Self-overlaps compare a range set to itself:
self_hits <- fast_self_overlaps(query, threads = 2)
self_hits
#> Hits object with 0 hits and 0 metadata columns:
#> from to
#> <integer> <integer>
#> -------
#> nLnode: 6 / nRnode: 6
Clusters identify connected components in the self-overlap graph:
clusters <- fast_cluster_overlaps(query, return = "data.frame")
head(clusters)
#> range_id cluster_id cluster_size
#> 1 1 1 1
#> 2 2 2 1
#> 3 3 3 1
#> 4 4 4 1
#> 5 5 5 1
#> 6 6 6 1
Sliding-window summaries convert interval data into a regular table:
window_counts <- fast_window_count_overlaps(
query,
subject,
window_width = 1000L,
step_width = 500L,
threads = 2
)
#> Warning in .merge_two_Seqinfo_objects(x, y): The 2 combined objects have no sequence levels in common. (Use
#> suppressWarnings() to suppress this warning.)
#> Warning in .merge_two_Seqinfo_objects(x, y): The 2 combined objects have no sequence levels in common. (Use
#> suppressWarnings() to suppress this warning.)
head(window_counts)
#> window_id seqnames start end overlap_count
#> 1 1 chr1 100 1099 3
#> 2 2 chr2 40 1039 2
#> 3 3 chr3 10 1009 2
These functions work on the ranges themselves rather than overlap hit pairs.
query_reduced <- fast_reduce(query)
query_disjoint <- fast_disjoin(query)
query_gaps <- fast_gaps(query)
c(
original = length(query),
reduced = length(query_reduced),
disjoint = length(query_disjoint),
gaps = length(query_gaps)
)
#> original reduced disjoint gaps
#> 6 6 6 6
You can also combine two range sets directly:
union_ranges <- fast_range_union(query, subject)
intersect_ranges <- fast_range_intersect(query, subject)
setdiff_ranges <- fast_range_setdiff(query, subject)
c(
union = length(union_ranges),
intersect = length(intersect_ranges),
setdiff = length(setdiff_ranges)
)
#> union intersect setdiff
#> 10 3 4
Coverage answers: “how many ranges cover each base position?”

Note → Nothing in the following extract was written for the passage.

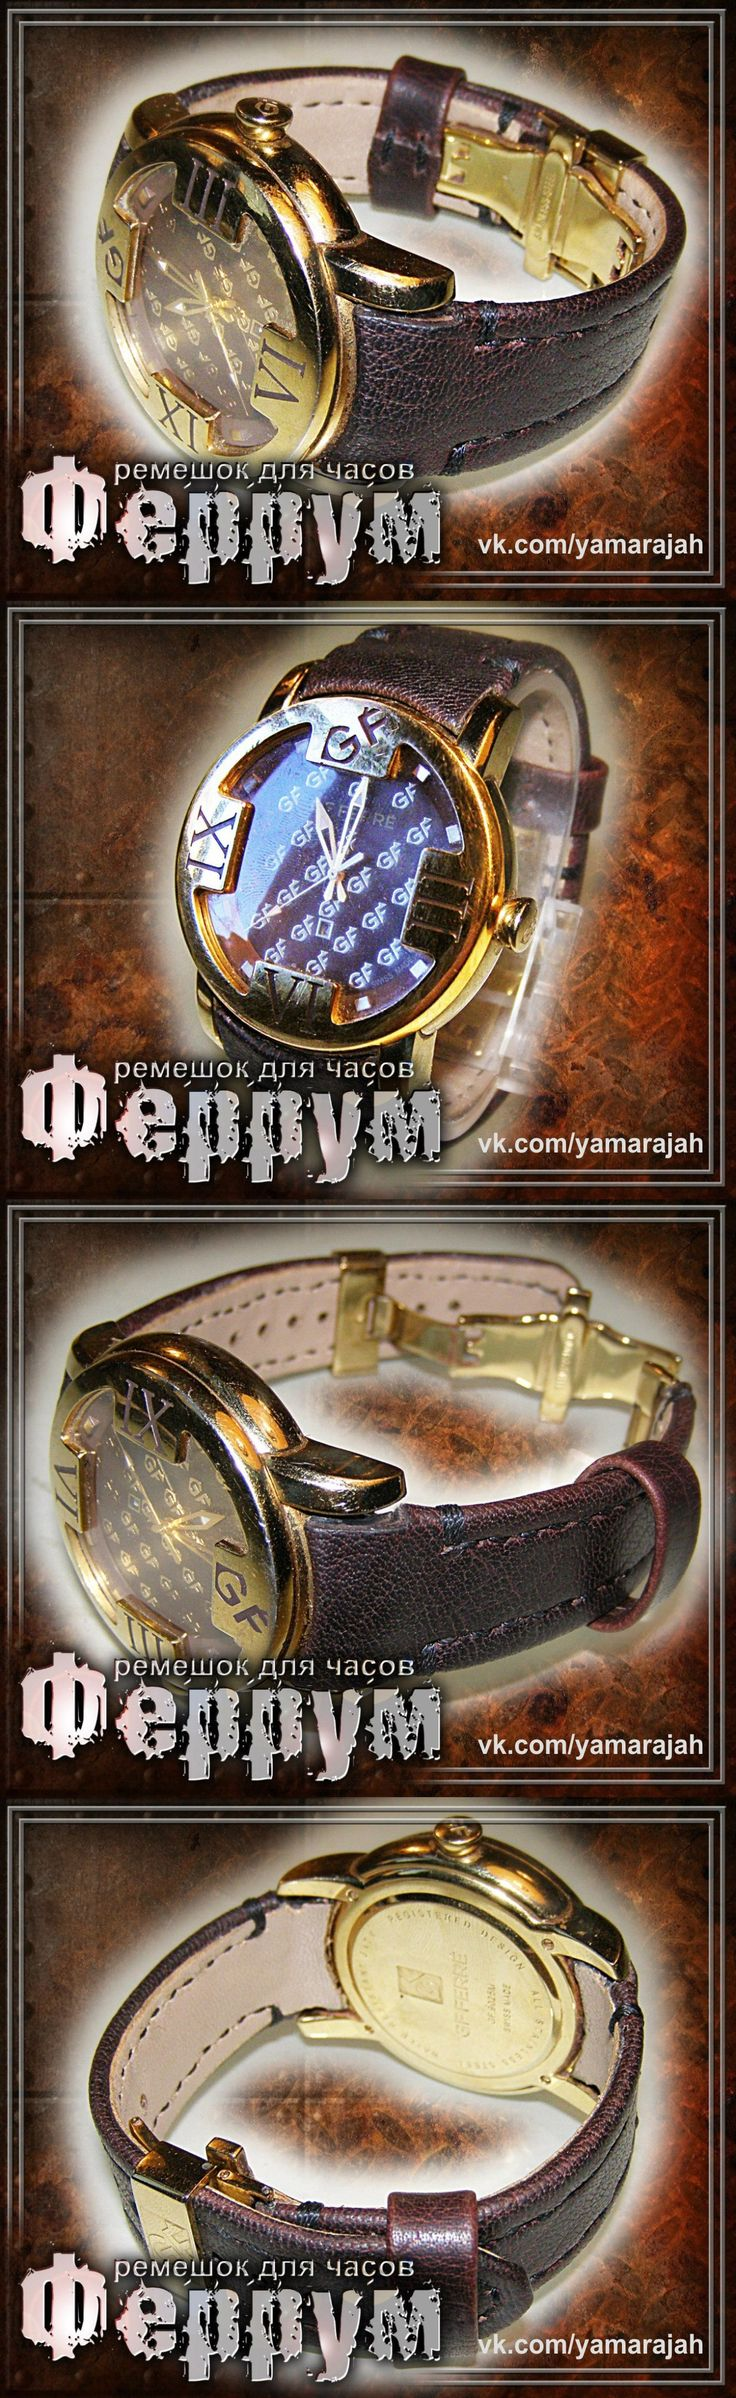 https://vk.com/maharajah Watchband GF Ferre. Buffalo leather lining, waxed thread firmware in two needles. Ремешок для часов GF Ferre. Буйволиная кожа, подклад, прошивка вощеной нитью в две иглы.

query_cov <- fast_coverage(query)
query_cov
#> RleList of length 3
#> $chr1
#> integer-Rle of length 419 with 6 runs
#> Lengths: 99 60 20 90 80 70
#> Values : 0 1 0 1 0 1
#>
#> $chr2
#> integer-Rle of length 379 with 4 runs
#> Lengths: 39 40 220 80
#> Values : 0 1 0 1
#>
#> $chr3
#> integer-Rle of length 34 with 2 runs
#> Lengths: 9 25
#> Values : 0 1
For plotting and downstream summaries, tile-based coverage is often easier to work with:
query_tiles <- fast_tile_coverage(
query,
tile_width = 1000L,
step_width = 1000L
)
head(query_tiles)
#> seqnames start end coverage_sum
#> 1 chr1 1 419 220
#> 2 chr2 1 379 120
#> 3 chr3 1 34 25
Use the iterator API when you do not want to materialize all hits at once.
iter <- fast_find_overlaps_iter(query, subject_index, chunk_size = 2L, threads = 2)
fast_iter_has_next(iter)
#> [1] TRUE
chunk1 <- fast_iter_next(iter)
chunk1
#> Hits object with 1 hit and 0 metadata columns:
#> from to
#> <integer> <integer>
#> [1] 1 1
#> -------
#> nLnode: 6 / nRnode: 7
fast_iter_has_next(iter)
#> [1] TRUE
To start over:
fast_iter_reset(iter)
all_iter_hits <- fast_iter_collect(iter)
length(all_iter_hits)
#> [1] 5
fast_iter_collect() gathers the remaining chunks from the current iterator
position. If you already consumed some chunks and want everything again, reset
the iterator first.
tmp_index <- tempfile(fileext = ".rds")
fast_save_index(subject_index, tmp_index)
loaded_index <- fast_load_index(tmp_index)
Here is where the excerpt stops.